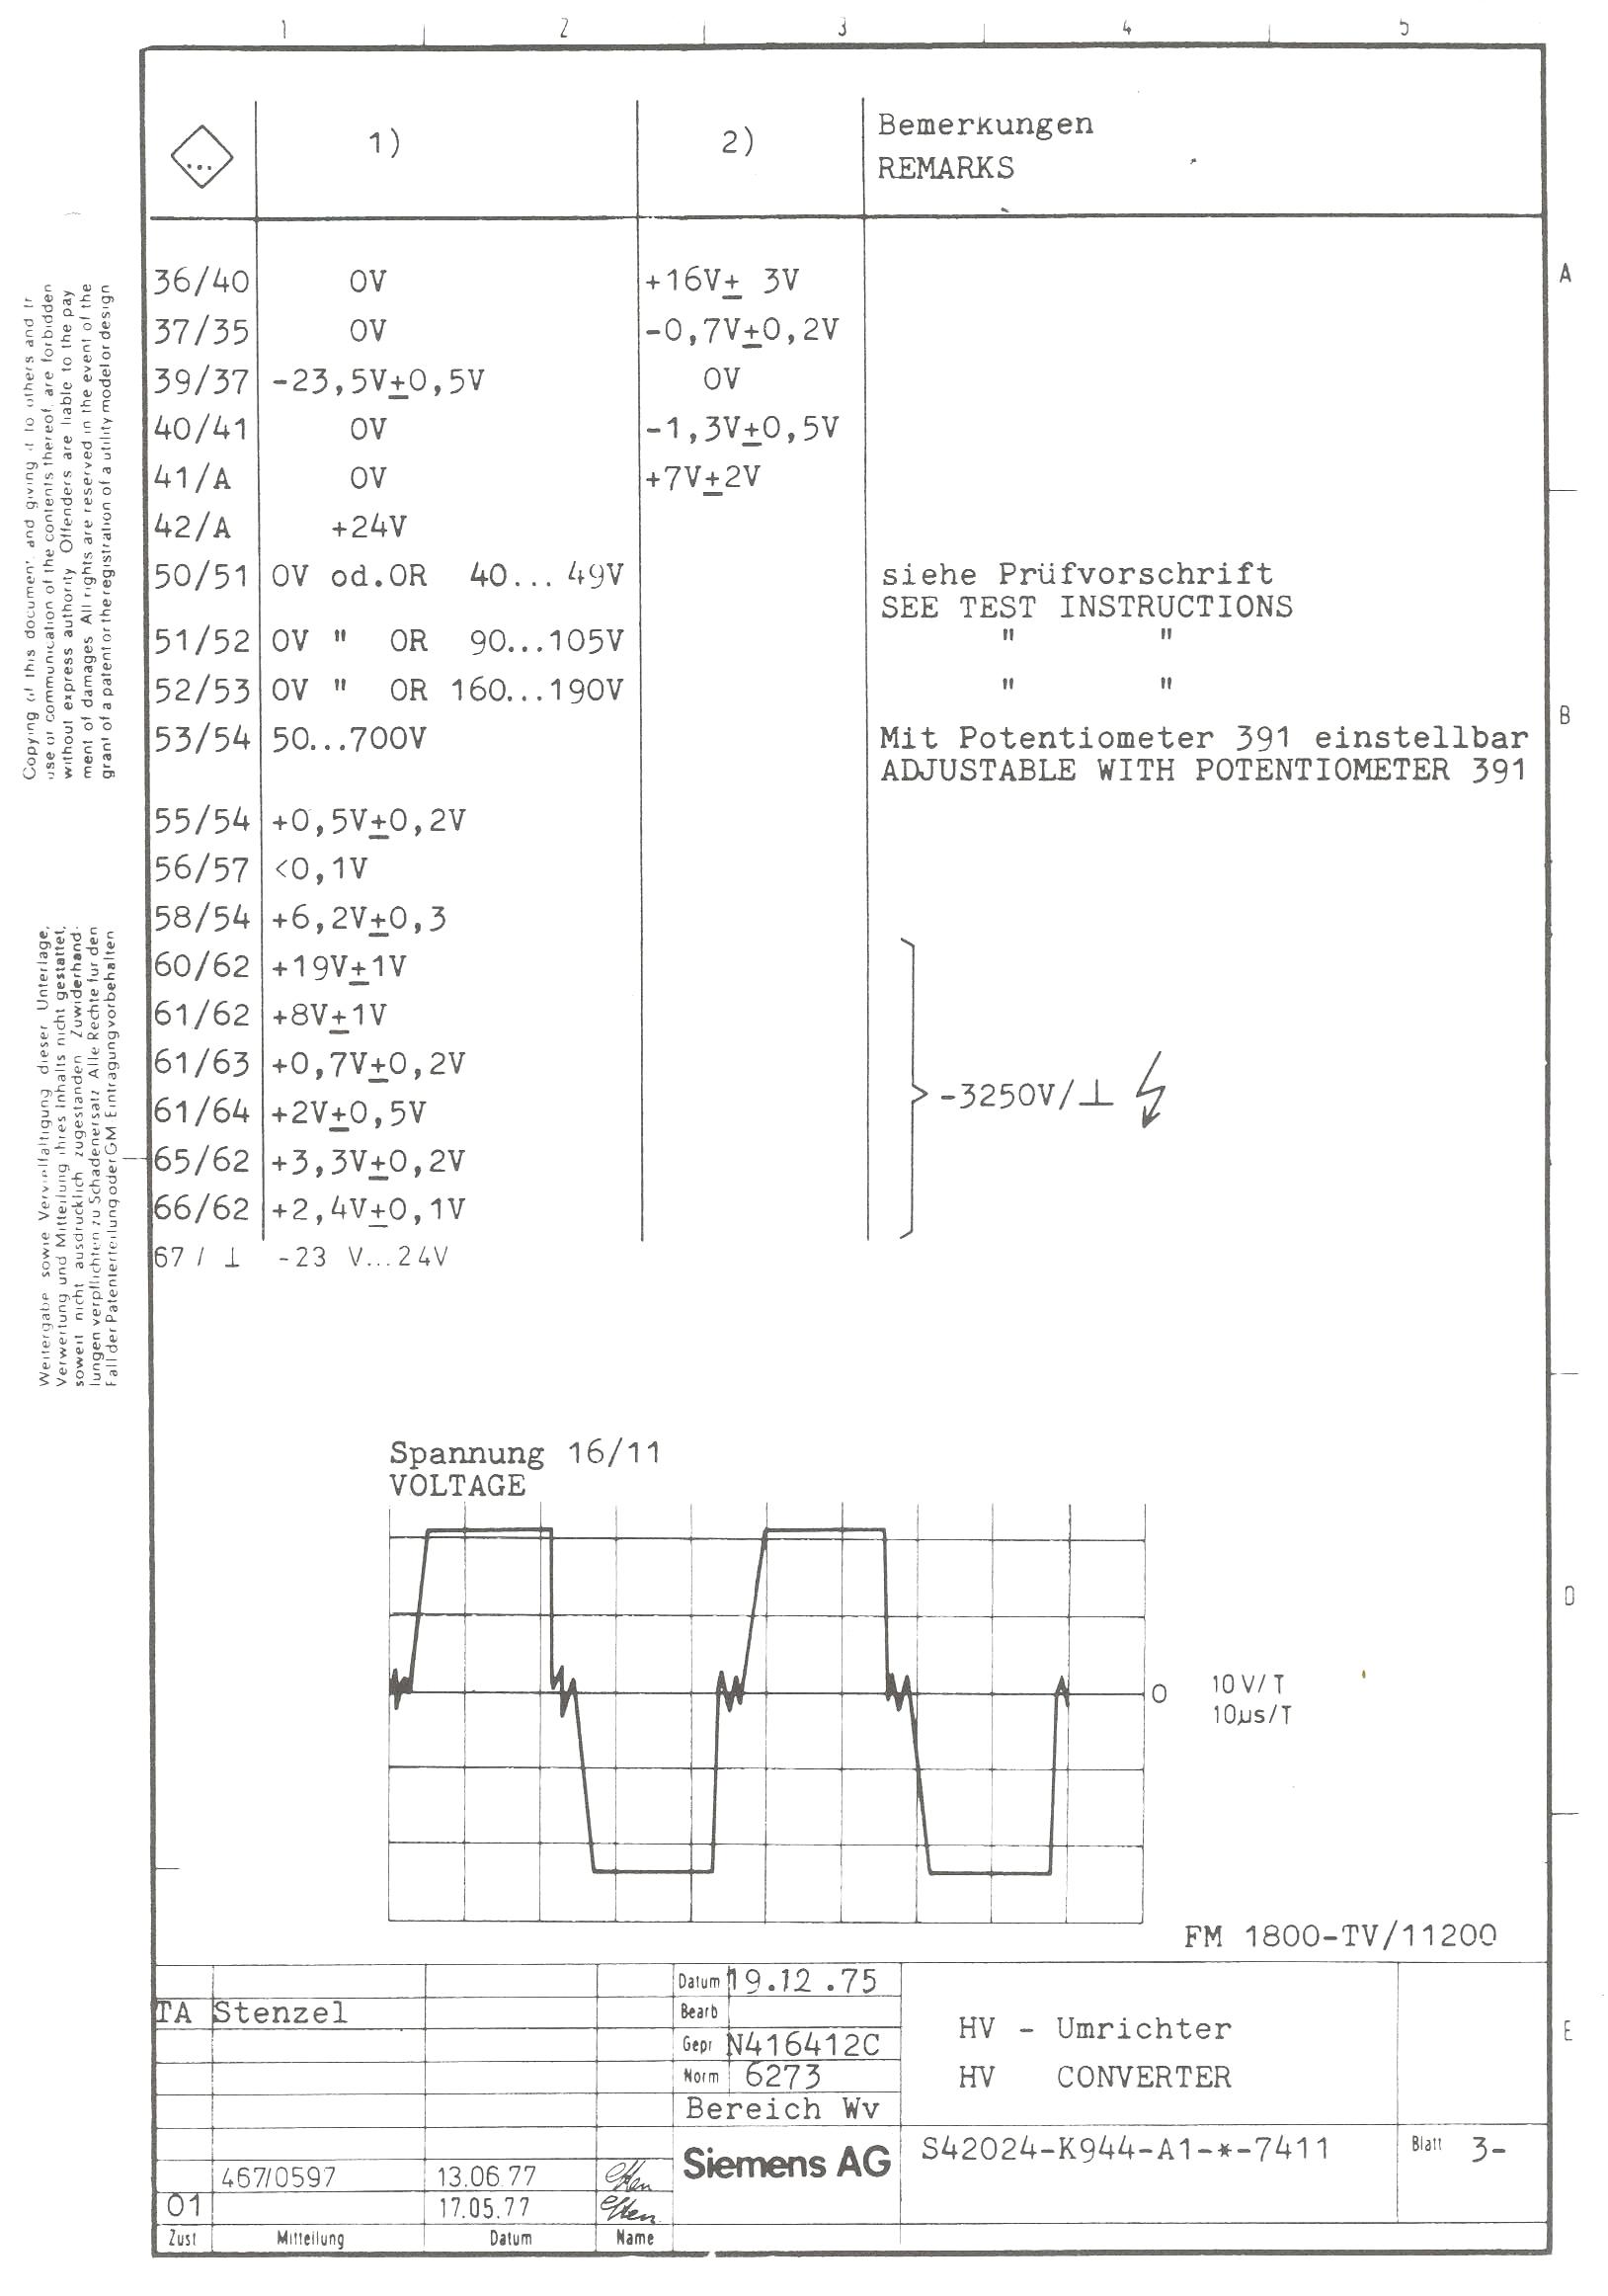 wiring diagram for sony xplod car stereo inspirational jvc wiring diagram fresh sony xplod car stereo
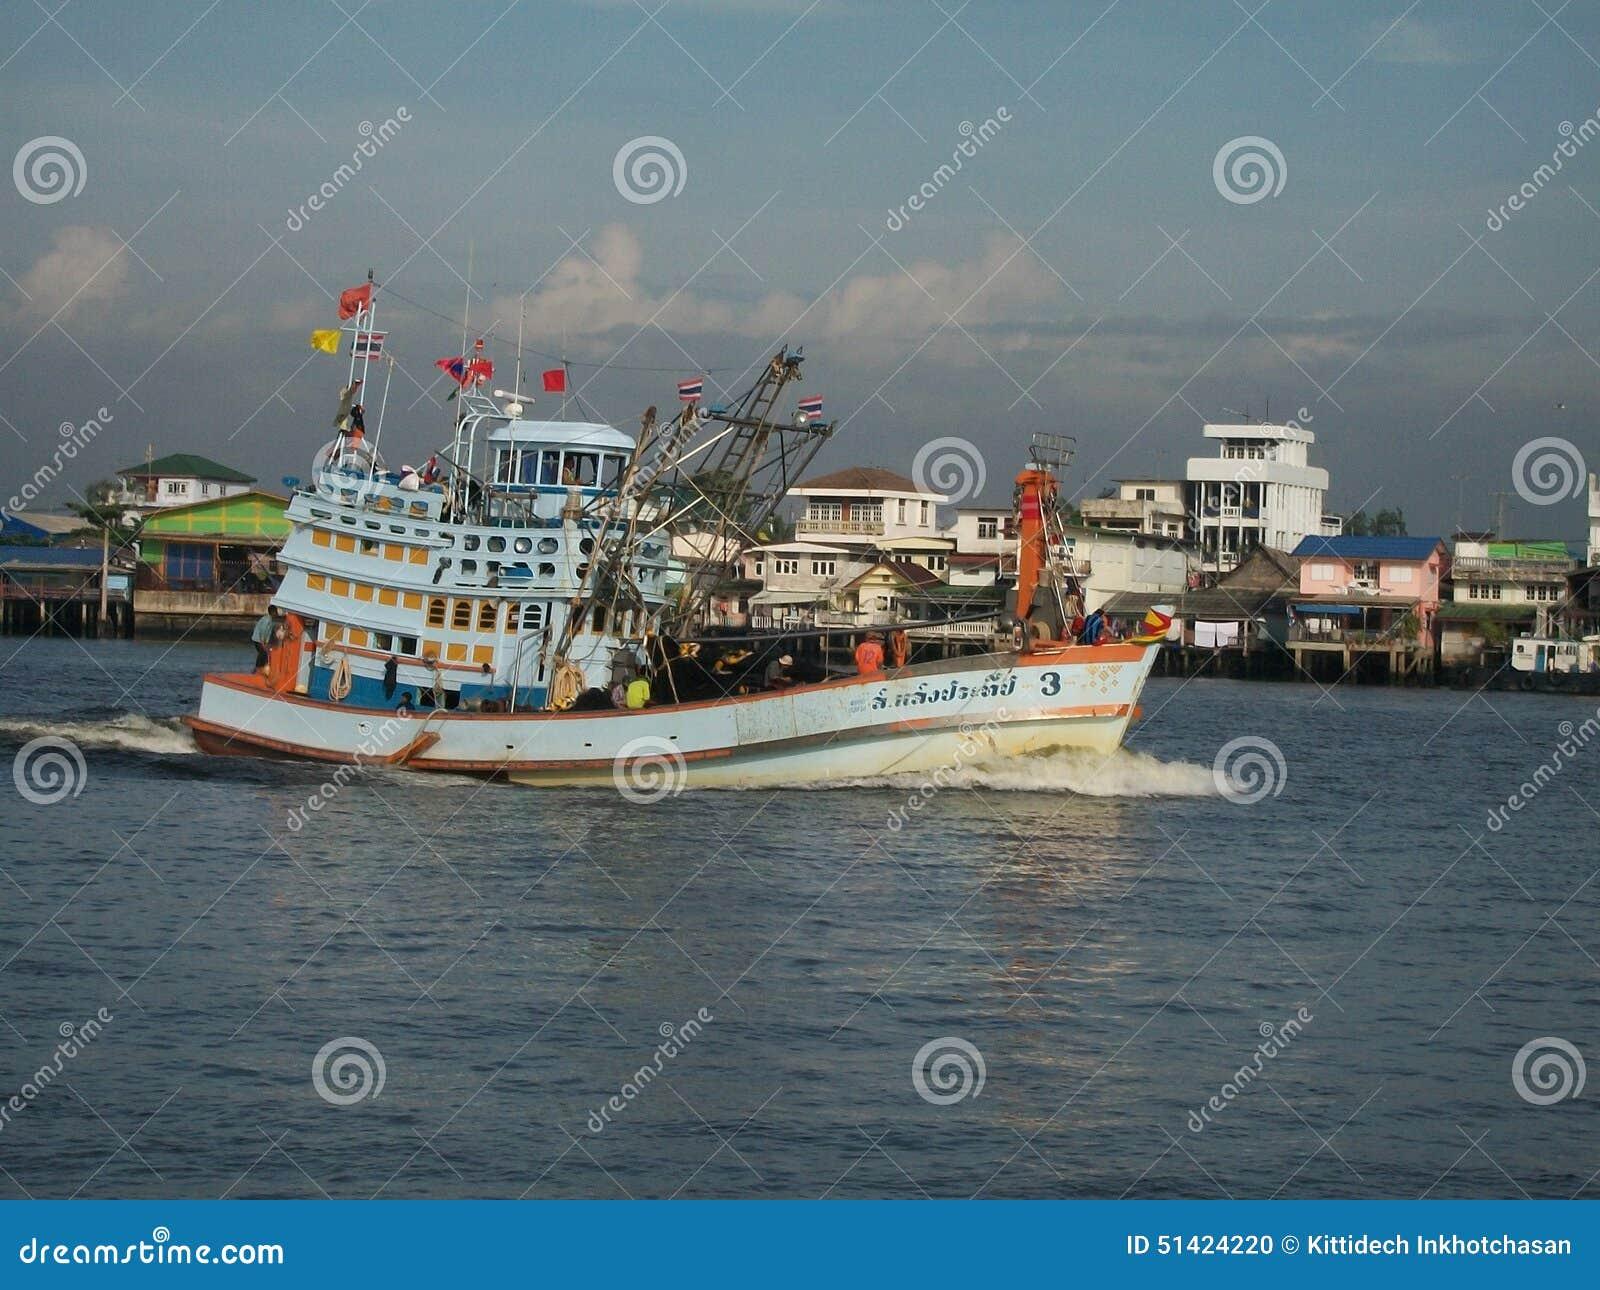 Purse seine fishing boat editorial image image 51424220 for Purse seine fishing
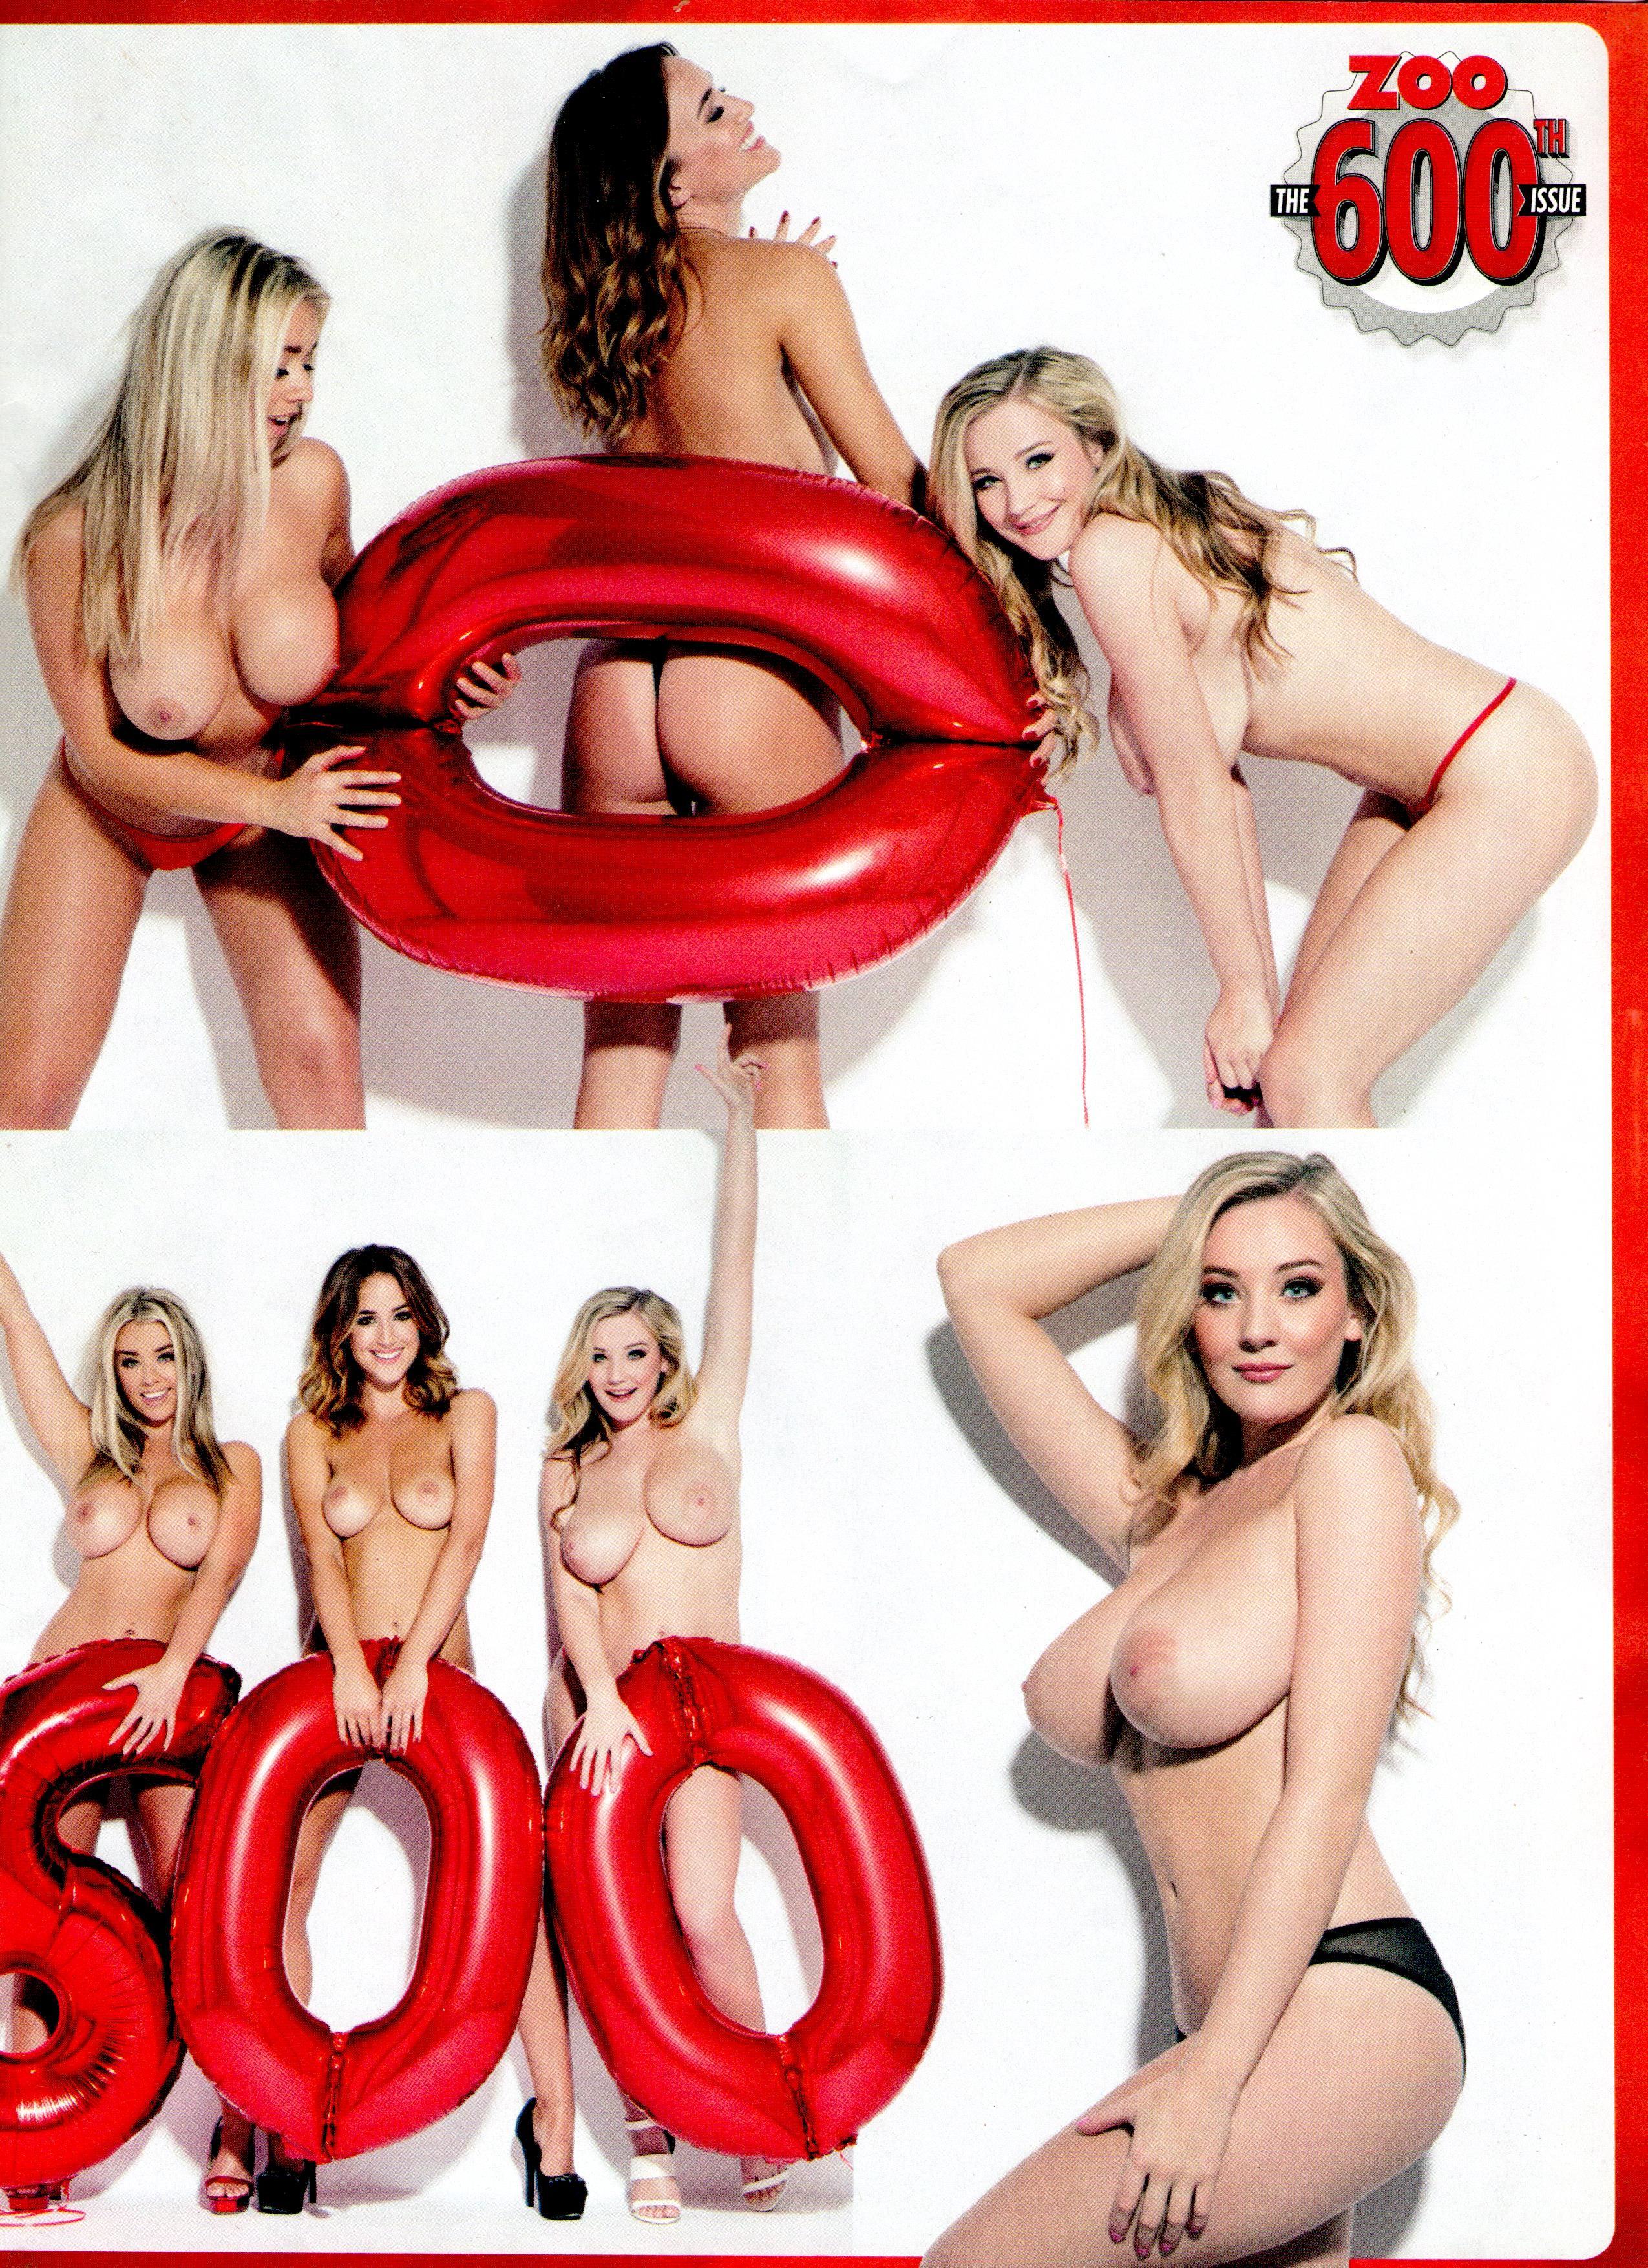 Rosie-Jones-Melissa-Debling-Bethany-Lily-Topless-6
++++
**TASK ITEM:**
Give all of the material again, exactly, apart from the pictures.

**THE COMPLETED TASK:**
 wiring diagram for sony xplod car stereo inspirational jvc wiring diagram fresh sony xplod car stereo
 Purse seine fishing boat editorial image image 51424220 for Purse seine fishing
 Rosie-Jones-Melissa-Debling-Bethany-Lily-Topless-6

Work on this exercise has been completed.